Our case study also highlights an understudied aspect of high-resolution GPS data in animal movement studies: positional accuracy. Because GPS positional error is Gaussian in nature, this error will not tend to systematically alter estimates of interindividual distances (Haddadi et al. 2011; King et al. 2012) or interaction with features of the environment (Fehlmann et al. 2017a; Strandburg-Peshkin et al. 2017), or conspecifics (Farine et al. 2016, 2017; Strandburg-Peshkin et al. 2015), and therefore does not normally need to be accounted for in such contexts. However, calculated distance traveled estimates are sensitive to positional measurement error (McGavin et al. 2018; Noonan et al. 2019), and these errors are pronounced at short GPS sampling intervals which will affect the estimated travel path. We therefore smoothed our 1-s GPS data in an attempt to reduce the impact of such high-frequency noise, and this resulted in significantly shorter distance estimates (ESM Table SI). Further work is now needed to explore if such smoothing is required because GPS loggers have on-board smoothing algorithms (which typically cannot be accessed by the end-user). These algorithms minimize “jitter” or “drift” when the logger is slow-moving or stationary (see ESM Fig. S2 for an example from our data) making it challenging to determine if post hoc smoothing removes “real movement,” “noise,” or both. Combining aerial video footage and GPS data of moving animals in the wild (e.g., on a beach where tracks are left) would be one way to investigate the relationship between true movement and GPS measured movement. Another would be to match GPS data to acceleration data to distinguish between active and nonactive time periods (Fehlmann et al. 2017b).

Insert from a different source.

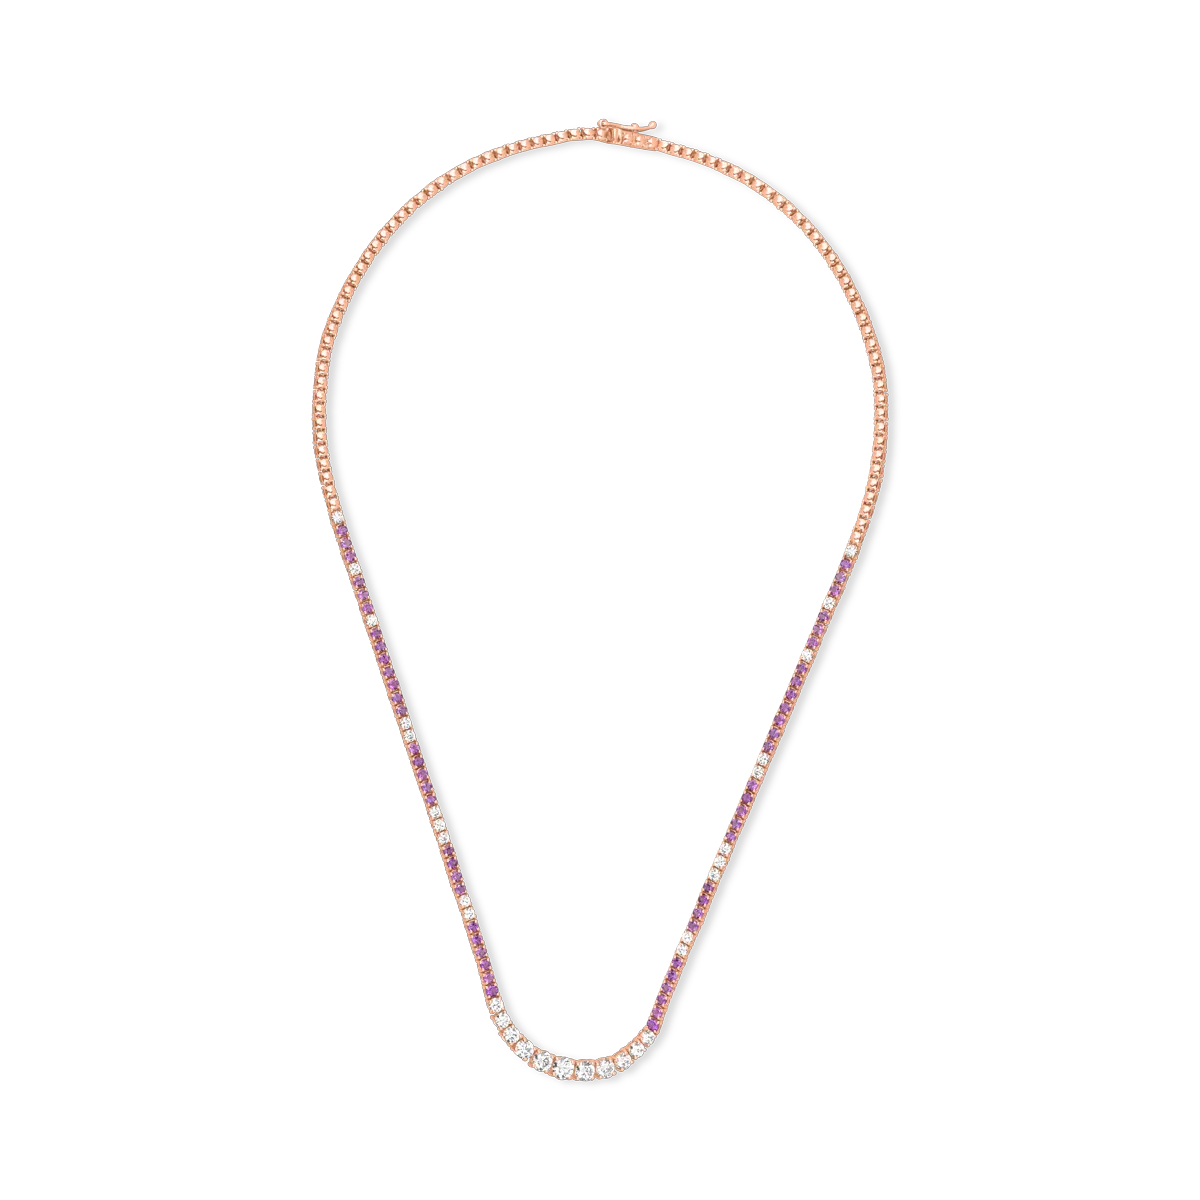 18k rózsaszínű arany tenisz nyaklánc, a 2.04ct-es gyémántokkal és az 1.87ct-es ametisztekkel

Finally, our findings highlight the need to choose an appropriate GPS sampling interval. The smaller the sampling interval, the higher the number of GPS fixes taken within a given time frame and the higher the accuracy of any subsequent distance estimate. But this comes at the cost of shorter battery life, and hence a shorter data collection period. This makes high-resolution GPS sampling less practical for longer-term studies in primate spatial ecology because collars need to increase in size and weight to accommodate larger batteries. However, this issue can be overcome if collars use solar cells with rechargeable batteries and dynamically switch between different sampling rates depending on the animal’s activity (e.g., Wilson et al. 2018). Given these tradeoffs, studies will likely continue to use different GPS sampling regimes, and so our case study provides useful rule-of-thumb for the magnitude of change expected when estimated travel distances with different GPS sampling intervals.